This repository provides the experimental code for our paper "3D-MASNet: 3D Mixed-scale Asymmetric Convolutional Segmentation Network for 6-month-old Infant Brain MR Images".

Created by Zilong Zeng at Beijing Normal University. For any questions, please contact zilongzeng@mail.bnu.edu.cn or tengdazhao@bnu.edu.cn

Publication

If you find that this work is useful for your research, please consider citing our paper.

@article{zeng2021masnet,
  title={3D-MASNet: 3D Mixed-scale Asymmetric Convolutional Segmentation Network for 6-month-old Infant Brain MR Images},
  author={Zilong Zeng and Tengda Zhao and Lianglong Sun and Yihe Zhang and Mingrui Xia and Xuhong Liao and Jiaying Zhang and Dinggang Shen and Li Wang and Yong He},
  journal={Human Brain Mapping},
  year={2022}
}

The paper is avaliable at https://onlinelibrary.wiley.com/doi/10.1002/hbm.26174?af=R.

Dataset

The dataset used for model training and validation is from iSeg-2019. The iSeg organizers provide 10 infant subjects with labels for model training, and 13 infant subjects without labels for model validation. Each subject consists of T1 and T2 images for segmentation.

Model Fusion

Once your training process is over, you could configure your JSON file to fuse your model's parameters. An example of JSON file for the model fusion process shown in deploy.json.

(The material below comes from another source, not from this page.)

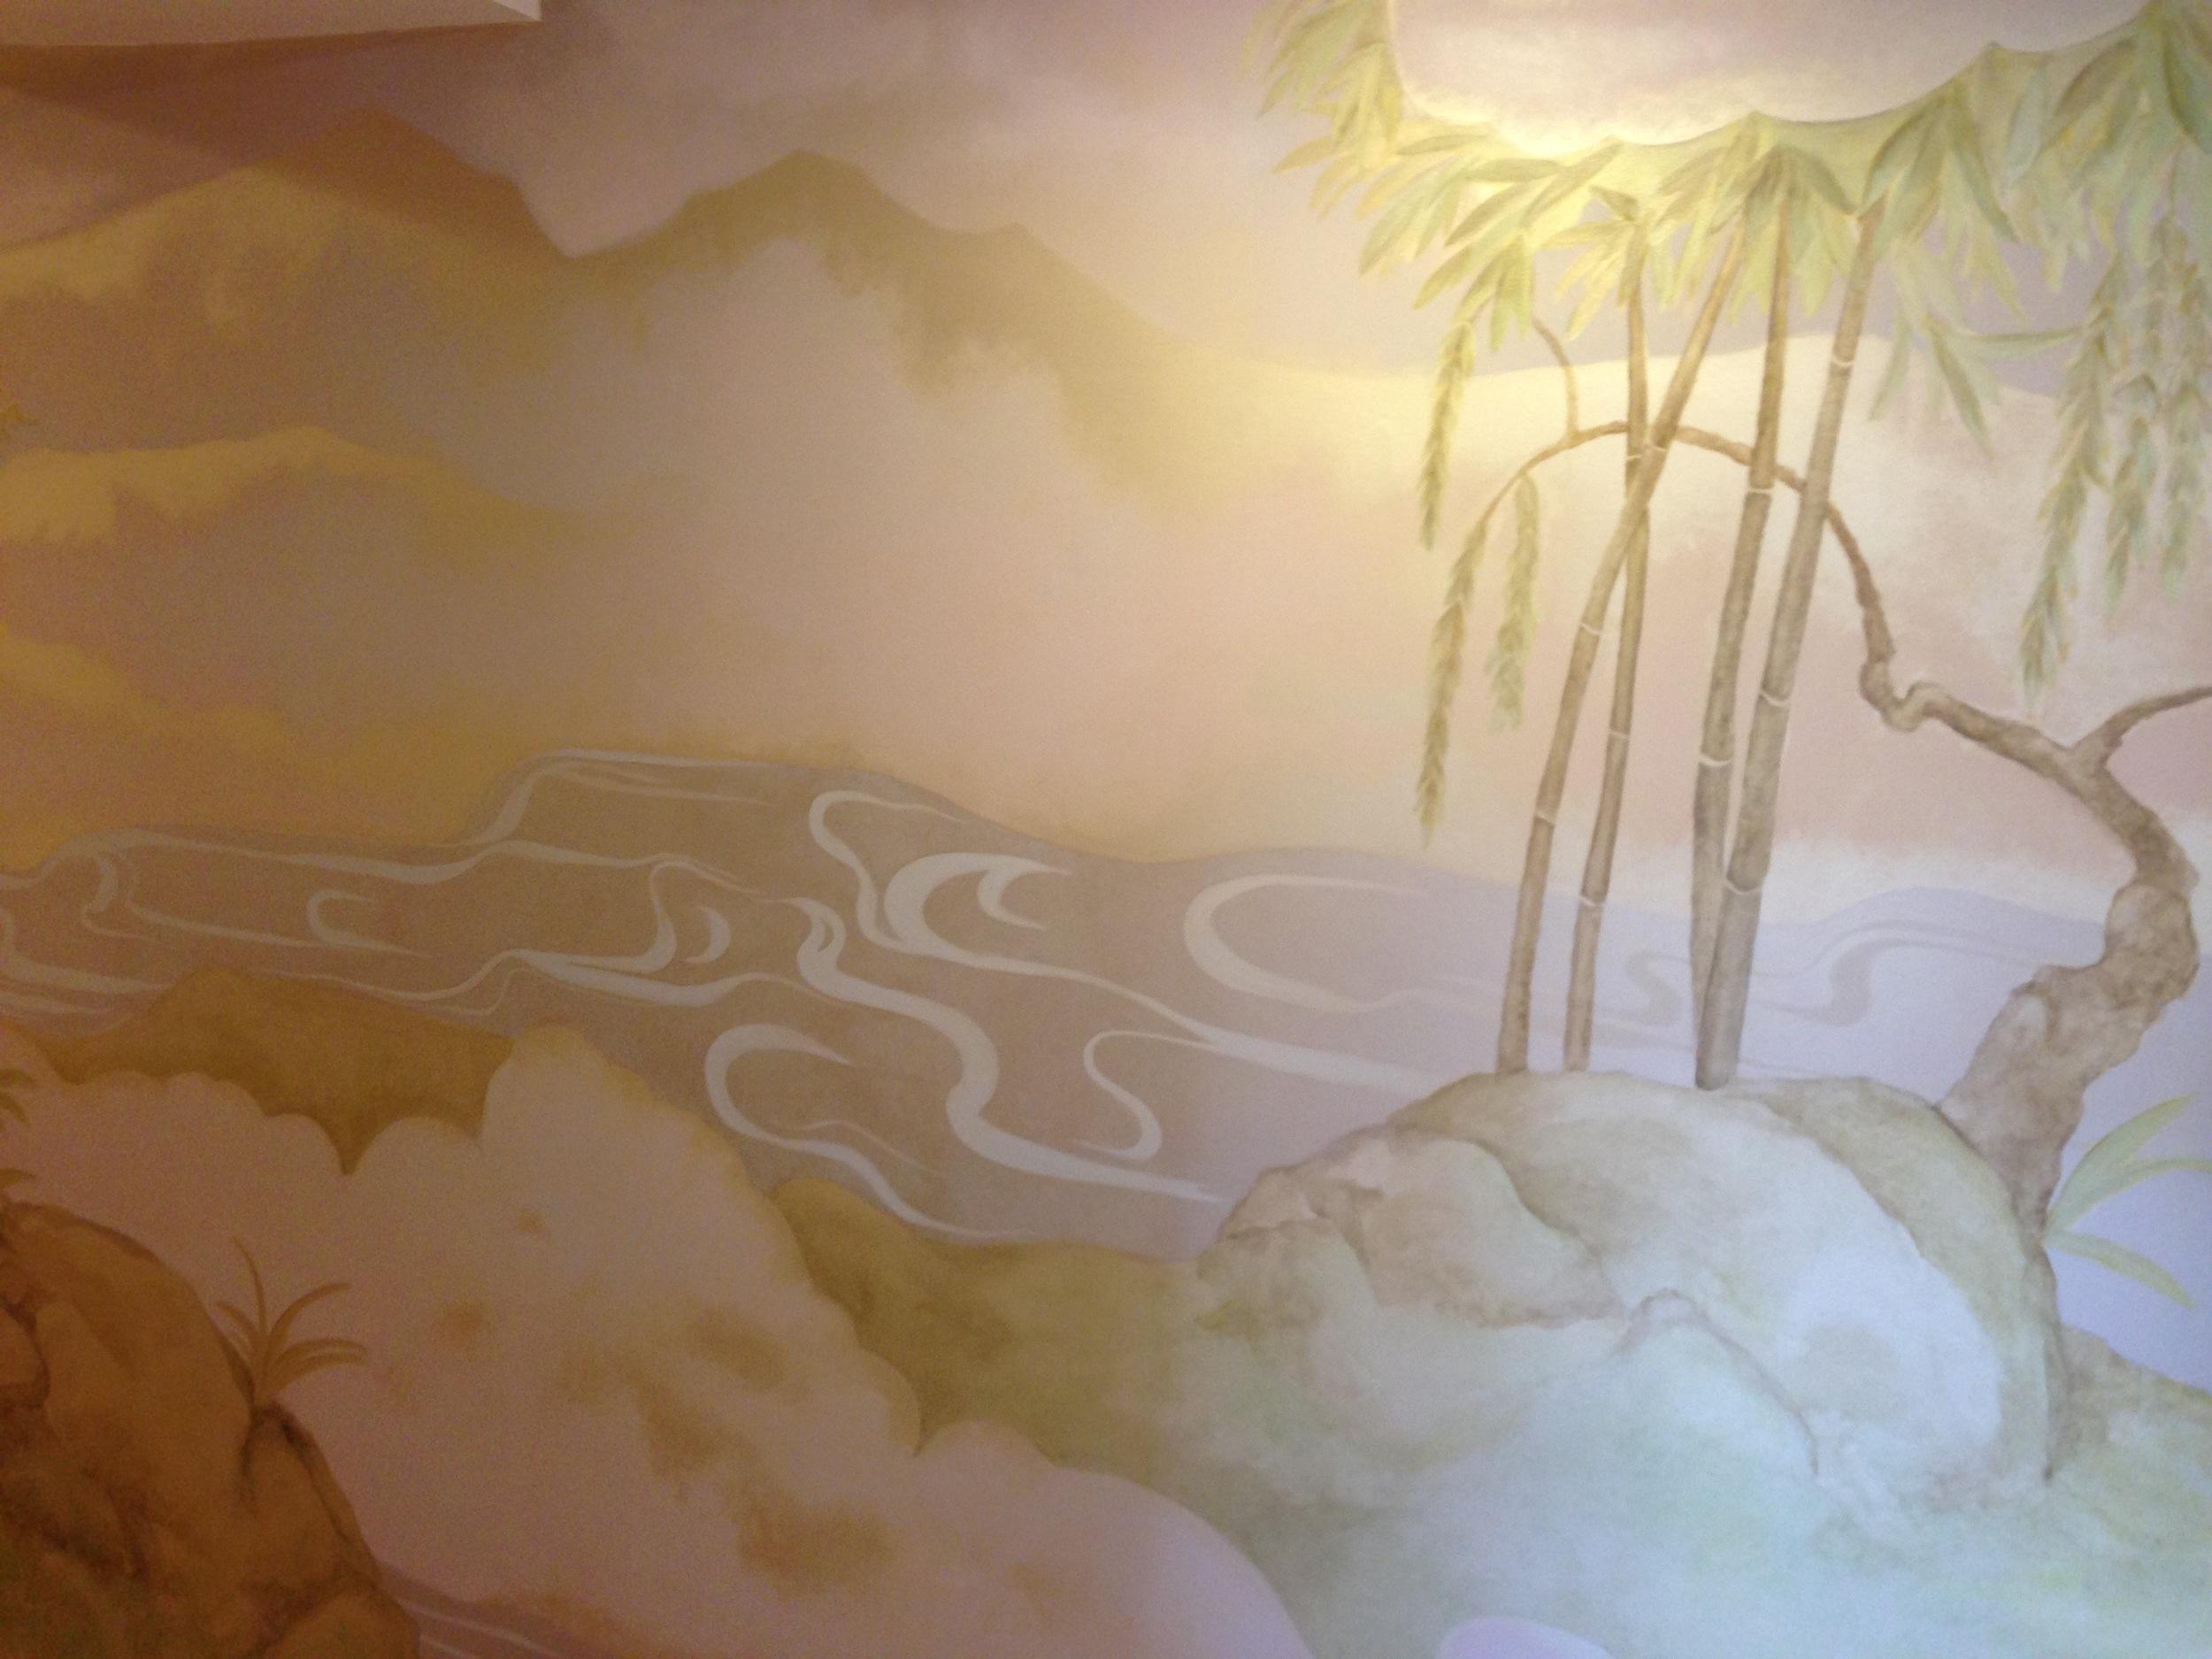 Shambala Spa Japaneese mural

  • "task": This parameter need to set to "deploy", which means that we're going to fuse the model's parameters.
  • "ori_model": List of pathes to models which are not fused.

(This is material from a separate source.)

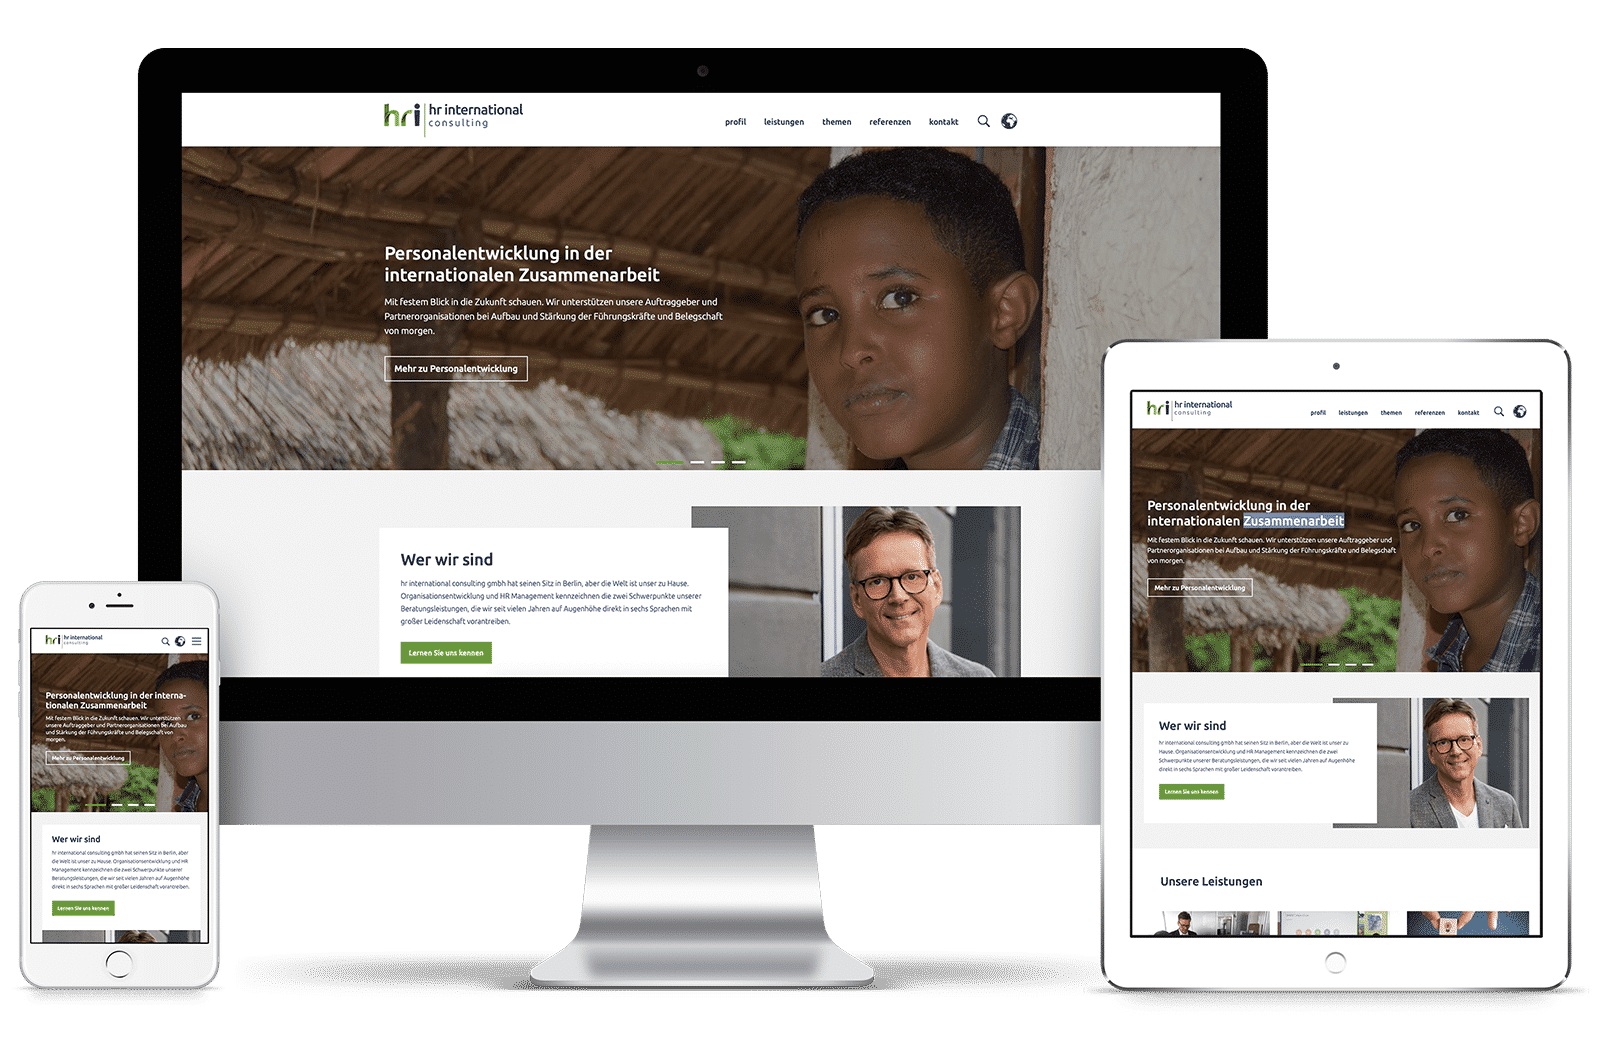 webdesign_hri-berlin_mockup

Once you have configured your JSON file for model fusion, you need run this command like this:

python -m client.run ./settings/deploy.json

Testing

Once your training or model fusion process is over, you can configure your JSON file to segment subjects' brain images. An example of JSON file for the model prediction shown in predict.json.

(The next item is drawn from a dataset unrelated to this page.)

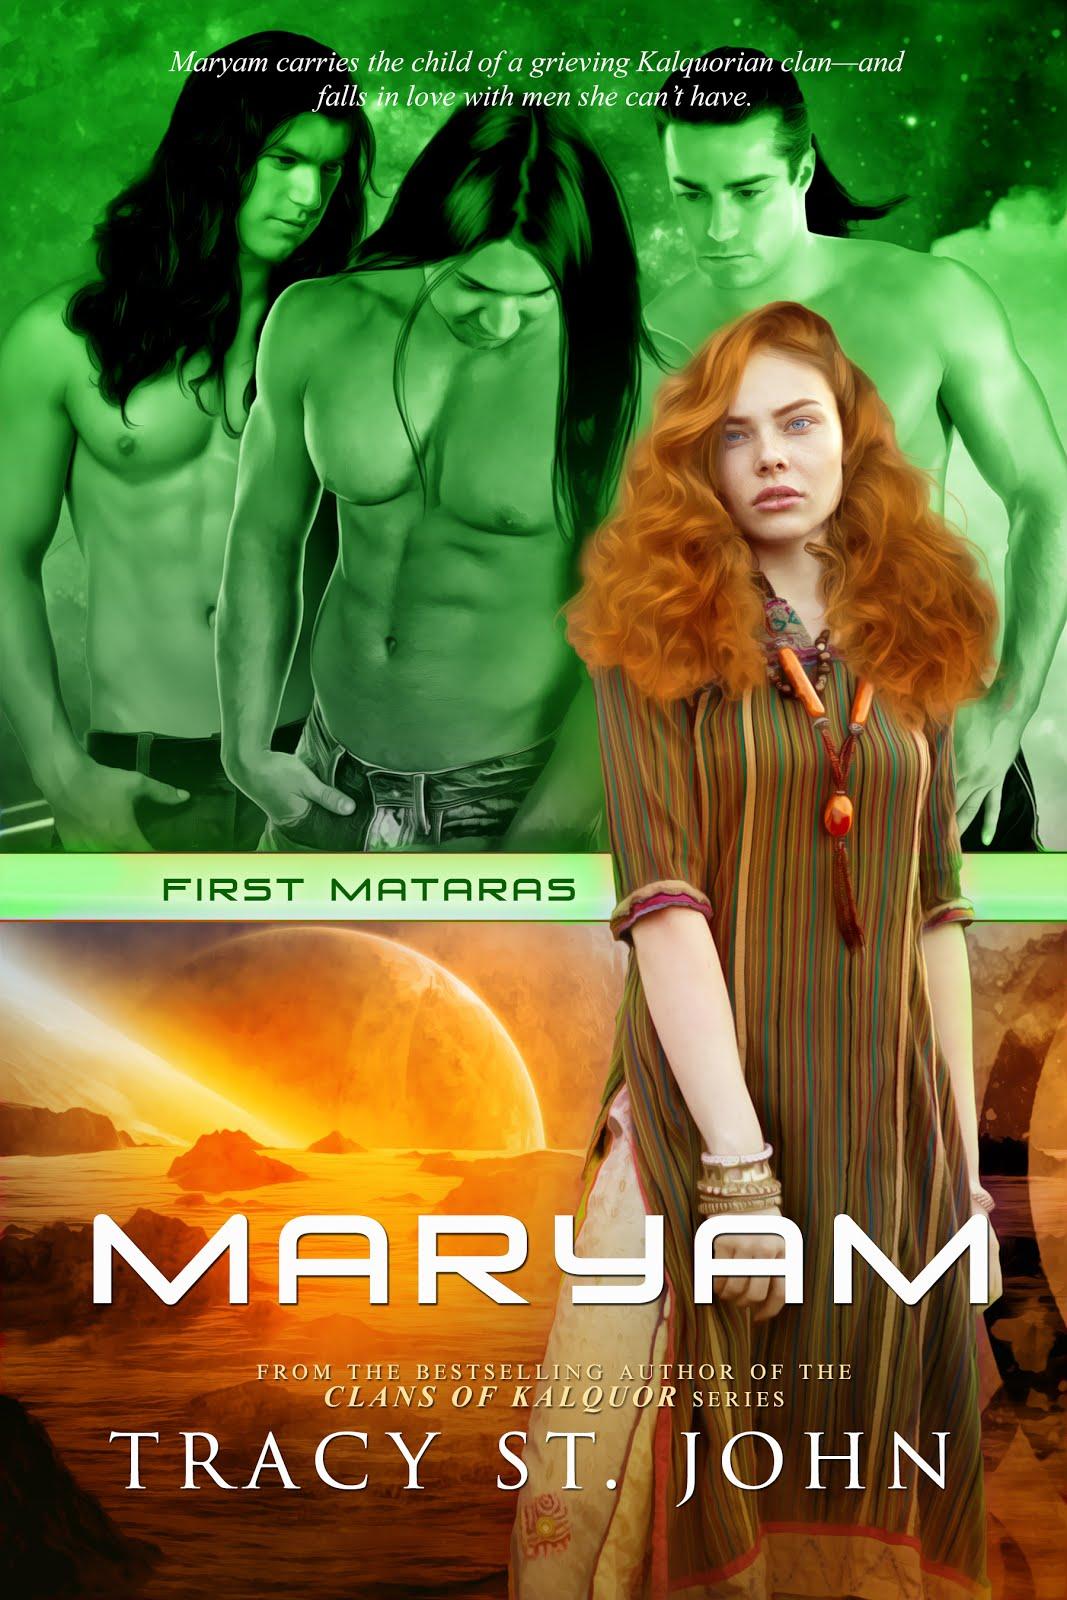 First Mataras: Maryam

  • "task": This parameter need to set to "predict", which means that we're going to make model prediction.
  • "gpu_id": The id of the GPU which you want to use. For example, you want to use the second gpu, you should write "1".
  • "save_folder": The path to the folder of the saved segmentation results.
  • "data_path": The path to the images to be segmented.
    • Notice!! If you want to use a different dataset here with T1 and T2 images, you dataset should be organized like this:
      ├── subject-1-label.hdr
      ├── subject-1-label.img
      ├── subject-1-T1.hdr
      ├── subject-1-T1.img
      ├── subject-1-T2.hdr
      ├── subject-1-T2.img
      ├── subject-2-label.hdr
      ├── subject-2-label.img
      ├── subject-2-T1.hdr
      ├── subject-2-T1.img
      ├── subject-2-T2.hdr
      ├── subject-2-T2.img
      ├── ...
      
  • "subjects": The list of ids of subjects to be segmented.
  • "predict_mode": two optional choice —— "evaluation" and "prediction"
    • "evaluation": If you have labels, you can set this option and evaluate the model's accuracy.
    • "prediction": If you do not have labels, you need to set this.
  • "model_files": The list of model files to be loaded for model prediction.
    • If there is only one model file's path in this parameter, the program will output one segmentation result predicted by this model file.
    • If there are multiple model files' pathes in this parameter, the program will adopt the majority voting strategy to combine these models' segmentation results.
  • "deploy": If the model file to be loaded has fused parameters, you should set this parameter as true; otherwise, you need to set here as false.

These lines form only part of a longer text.